The Conversation | 26 September 2013
The vice-chancellor of Newcastle University explains why we need to keep our universities open
As the new government settles in, there has been heated speculation around major changes to the higher education system. Education minister Christopher Pyne’s comments to the media have raised questions across the sector about the Coalition’s vision for universities in Australia.
Universities will certainly welcome Pyne’s focus on building a more competitive international education market and reducing our regulatory burden. Government support for a concept of “earned autonomy” and an understanding that universities are prepared to be accountable for the quality of their programs and graduates would also be well-received.
However, of concern is the implication in Pyne’s statements that the demand-driven system of student funding, which has seen 190,000 more students enter our universities, is associated with a drop in quality.
As the University of Newcastle’s vice-chancellor I know from experience that widening access to a greater number of students has not meant compromising on quality. The percentage of students from low socio-economic (SES) backgrounds enrolled at Newcastle is 26.3%, well above the national average of 16% – but our student retention rate is above 80%. Similarly, there is only a 0.3% difference in success rates between low SES students and those from other backgrounds – indicating that widening access has done nothing to diminish student success.
It is also worth noting that our student satisfaction scores with teaching, as measured by the Good Teaching Scale of the Australian Graduate Survey, have improved by 11% since 2011 – another signal that increasing participation and a high-quality student experience are not mutually exclusive.
What the Minister’s initial comments have prompted is the need to establish a shared understanding of what defines a quality university system – a system which can face the productivity and innovation challenges that Australia will face in this next decade.

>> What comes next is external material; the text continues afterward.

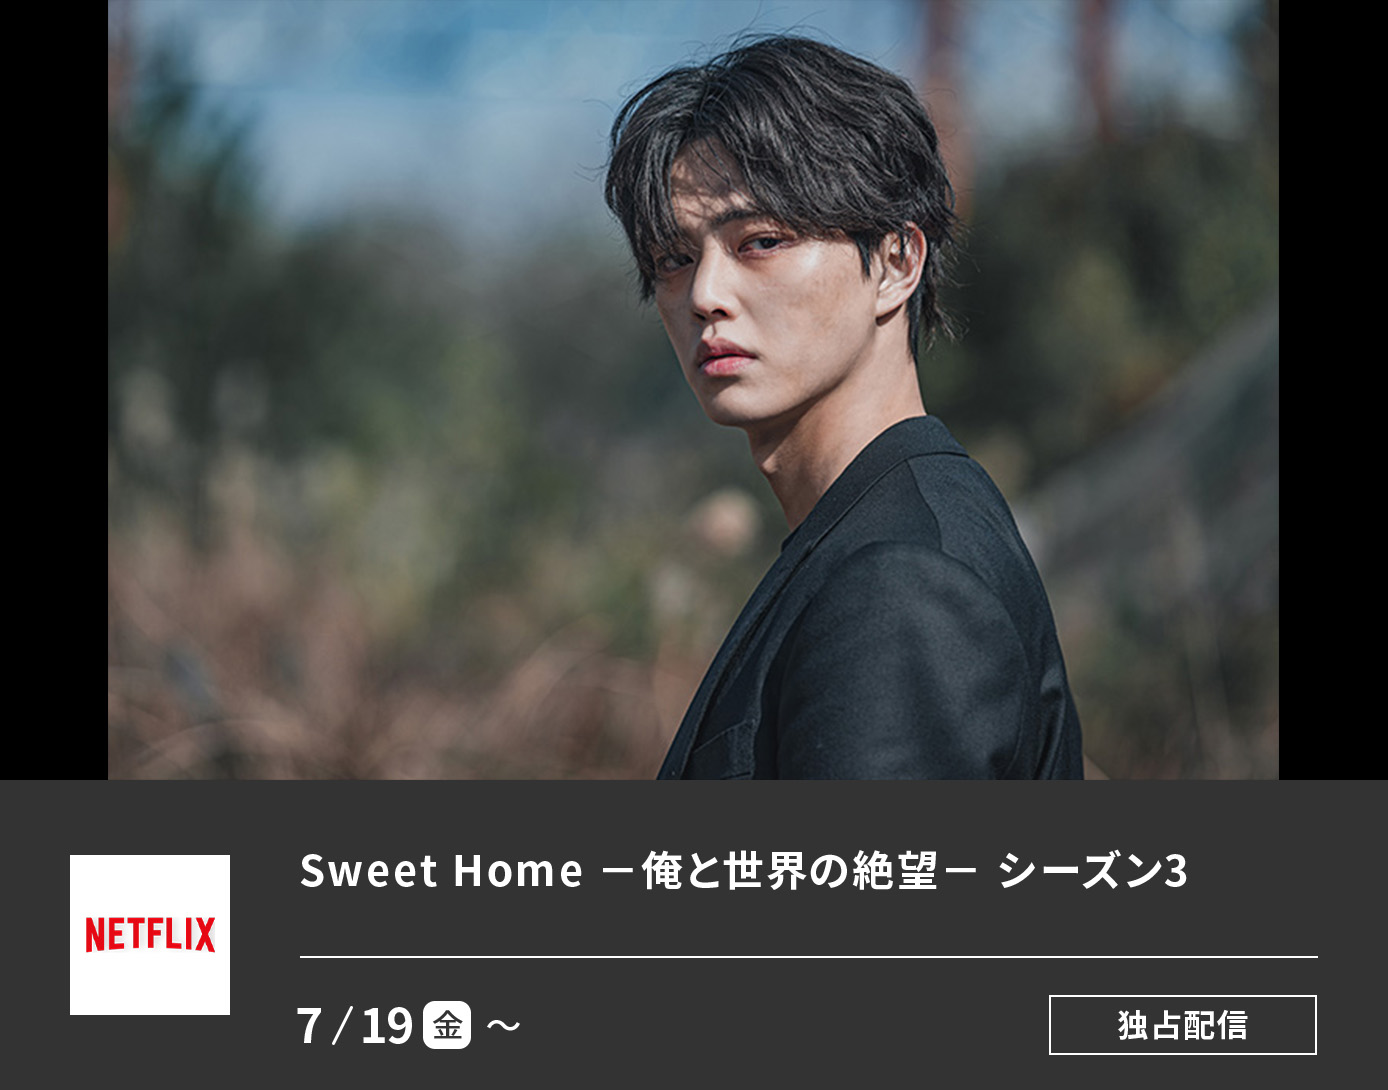 Sweet Home －俺と世界の絶望－: シーズン3
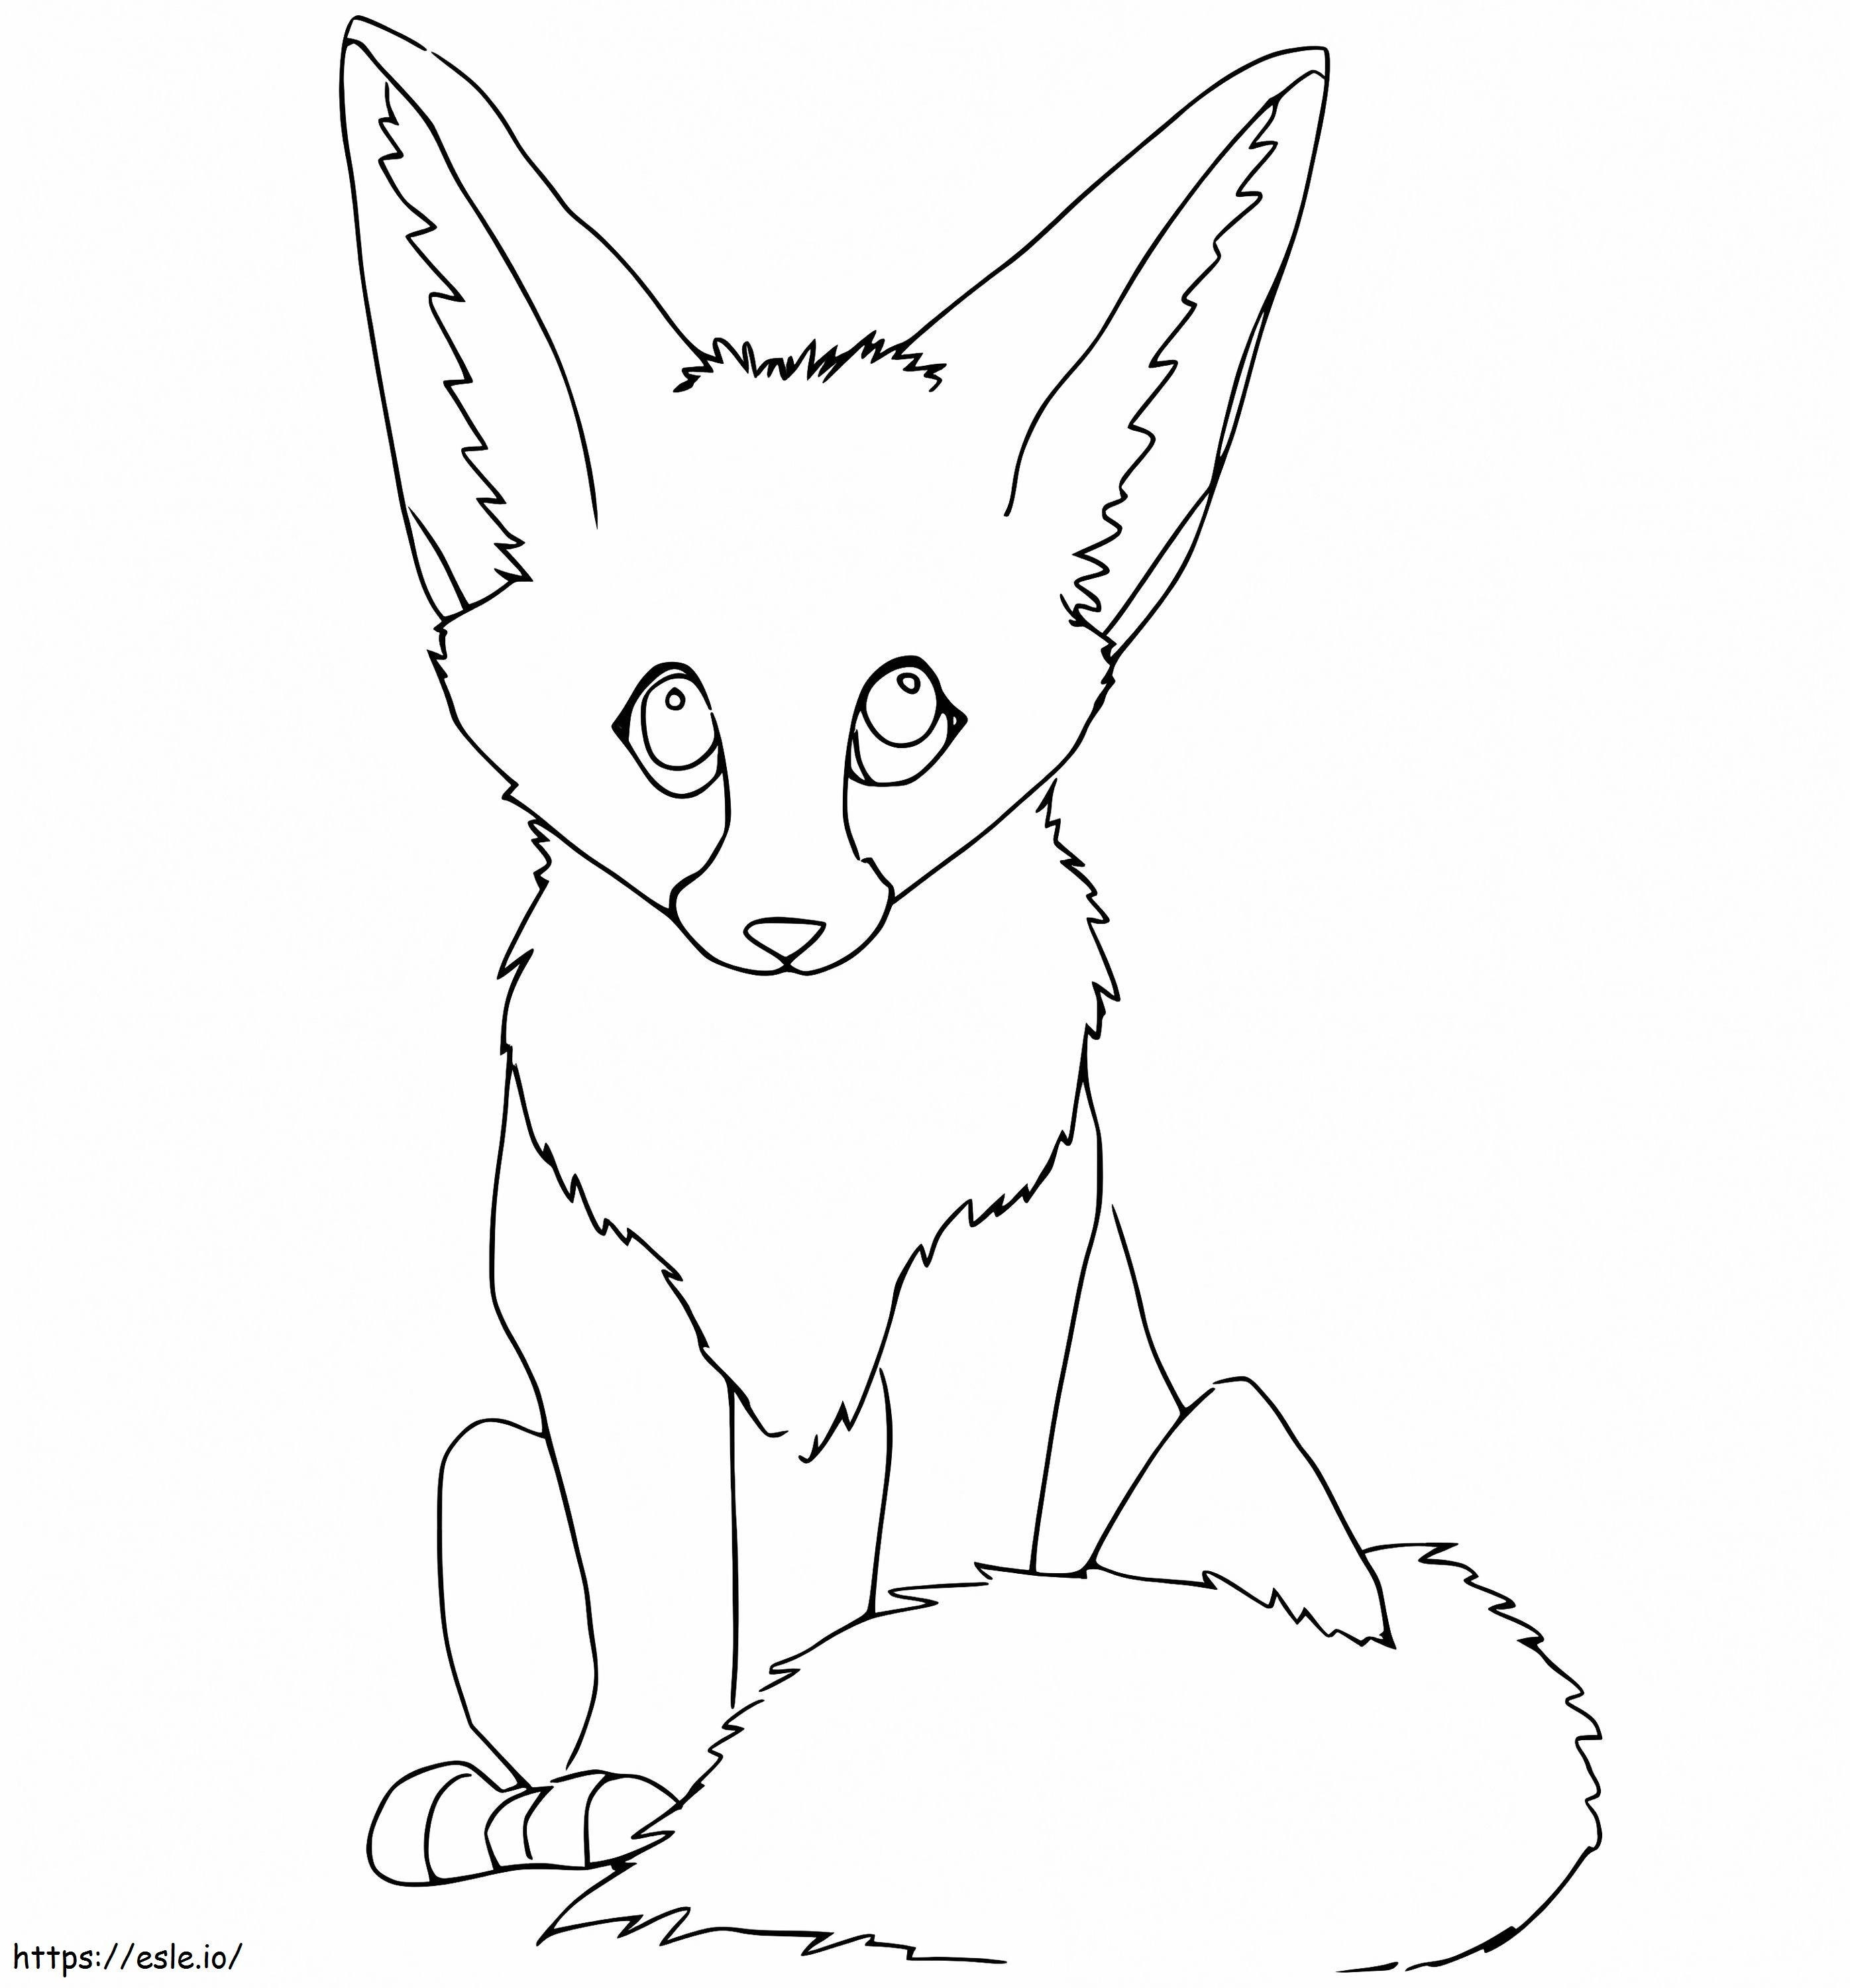 Fennec Fox Looks Cute coloring page

According to the Australian Workforce Productivity Agency, our prosperity in this Asian century will require a highly educated workforce to support innovative industries and businesses. We will need to address the projected deficit of up to 280,000 qualified people by 2025. This would not be the time to restrict the opportunity for bright and able Australians to benefit from a university education.
Supporting excellence in teaching and research, wherever it may be found, will enable Australia to leverage its position as one of Asia’s strong knowledge and innovation hubs. Building a strong university system based on quality and excellence, rather than concentrating support in a limited number of universities, will build resilience as we compete and collaborate in equal measure with our Asian university counterparts.
The new government is now the steward of a diverse and successful university sector that is relatively young in world terms. In 2012, an independent audit of national research excellence – the Excellence in Research for Australia assessment – found that more than half of Australian research at or above world standard was being conducted in non-sandstone universities like our own.
A definition of a quality university would be one that is prepared to test its standards against the world’s best and helps students from all backgrounds to reach them. In this context, we look forward to working with the new minister as he consults with those institutions, like our own, working in regions where there is a relatively low rate of higher education participation. Universities in regions play a key role in building the productivity and skills to meet the challenges of Australia’s economic transition.
In times of financial constraint, it is tempting to rely on seemingly simple proxy measures for quality, such as the entry scores of university students or indeed the age of a university. Let’s move beyond these and establish a shared definition of a quality university system which ensures that education, research and innovation in Australia is future-proofed.
Australia faces a future dependent on skills, productivity and innovation as well as some tough financial challenges. We can be open about the difficulties of funding a sustainable university sector – but what we can’t do is rely on narrow definitions of quality – at either the institutional or system level – to resolve short-term financial challenges.
To do so would risk a greater cost – our future prosperity.